Entrevista-Set. 2008-Radio Elvas

Terça-feira, 03.02.09

Entrevista aos Microfones

Da Rádio Elvas

Entrevistou - Marina

Durante a inauguração da Exposição Percurso

No Museu de Fotografia

19 de Setembro de 2008

 

Procurei fazer, como que: um busquejo começando do princípio dos meus trabalho porque, tenho recordações, como toda agente afinal tem, mas às vezes têm só recordações, só a lembrança e não têm testemunho e eu, com a mania de guardar coisas, não é que eu seja coleccionadora, mas, junto coisas, tenho amor, aos papeis, aos trapos, junto, transformo, faço bonecos, faço coisas que então comecei a juntar desde há muito e portanto, é uma história contada, justamente por isso, com trabalhos.

 

QUAL A OBRA QUE DESTACARIA?

 

Penso que do ponto de vista da originalidade, seriam os trabalhos de conchas porque não são trabalhos feitos com conchas bonitas, é aproveitar as sugestões dos cacos, das conchas partidas, que são as que mais me falam, porque afinal de contas aquelas que têm mais história.

Estão partidas porque viveram, foram quebradas por alguma coisa porque já aturaram muita maré, muito céu, muito sol, muita lua e é aproveitar isso para dar-lhes formas novas

 

Agora, como trabalho, mais gratificante e realmente mais moroso e que a mim me deu mais emoção fazer – foram os trabalhos de madeira porque quando idealizava um boneco não sabia porque ponto havia de começar.

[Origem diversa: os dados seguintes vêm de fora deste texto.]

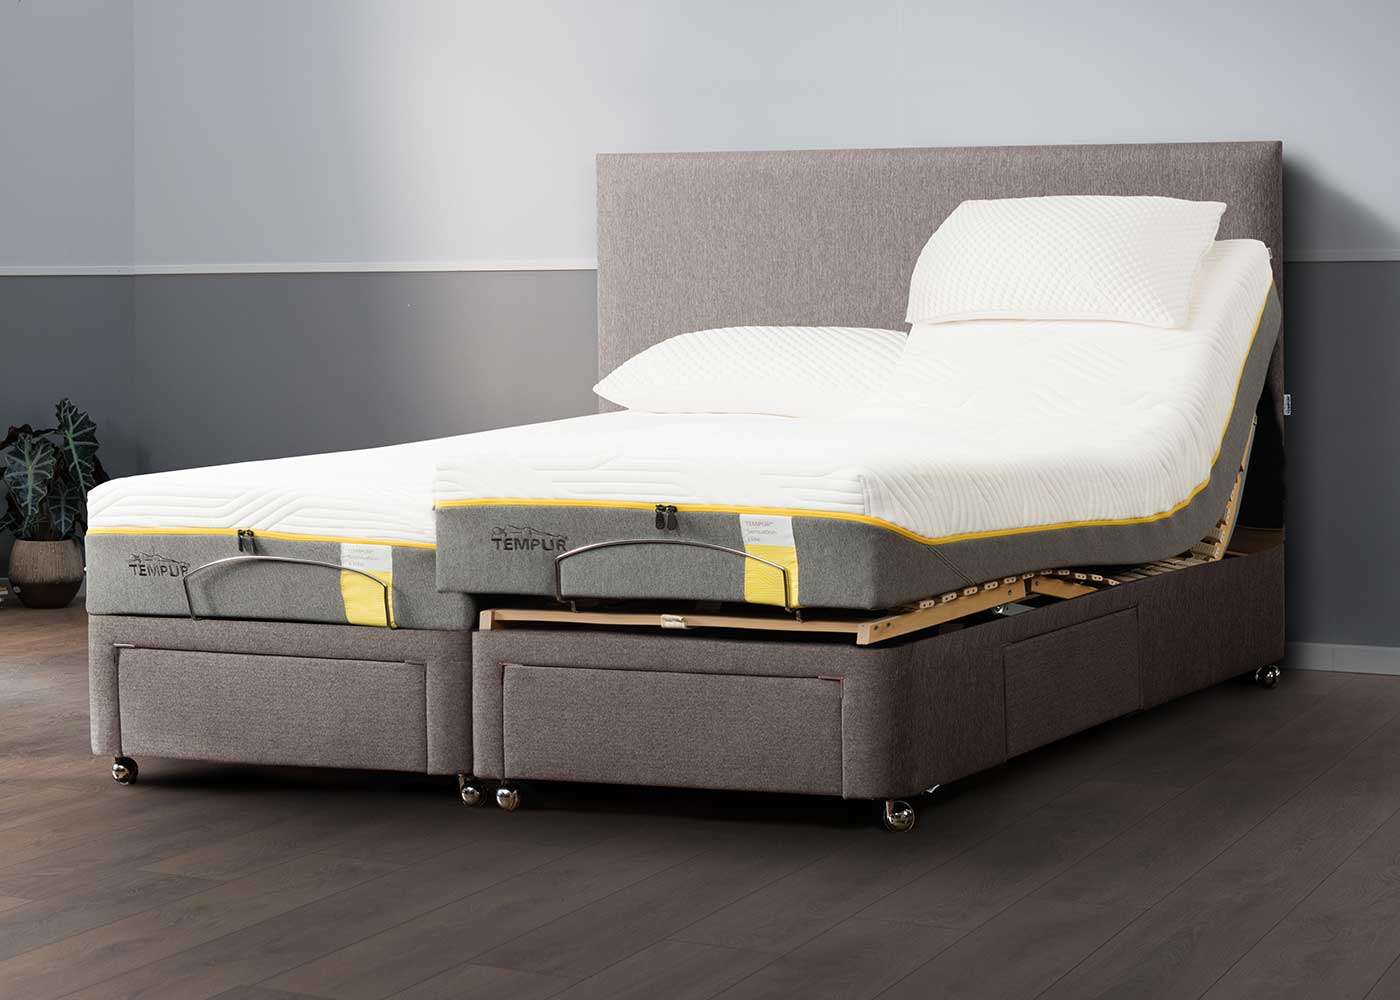 Tempur King Size Adjustable Bed

Ás vezes perguntavam-me assim – como é que fazes?

e eu respondia – corto o que me sobra.

E era realmente assim.

Eu via o boneco lá dentro e depois começava a tirar daqui, dalém, dacolá – chegava a ter febre – o meu marido as vezes dizia-me: “Não fazes mais nada!”

Cheguei a ter 38,5 de temperatura da excitação porque eu era a primeira pessoa a ver o que saía.

E era isso.

 

A SUA COLECÇÃO É MUITO VASTA DESDE CHAVES, A MADEIRA PASSANDO POR CONCHAS…

 

Eu acho que na vida é tudo bonito e não acho que as coisas quebradas sejam todas lixo e nem de deitar fora.

E depois, por exemplo, tenho ali um quadrinho, feito de quase nada. Eu tinha uma única sobrinha, como tenho uma única irmã e ela era de uma gentileza, extraordinária.

Uma vez cheguei lá a Lisboa, bati à porta e ela não estava. Eu esperei, um quarto de hora, até que ela regressou e abriu a porta.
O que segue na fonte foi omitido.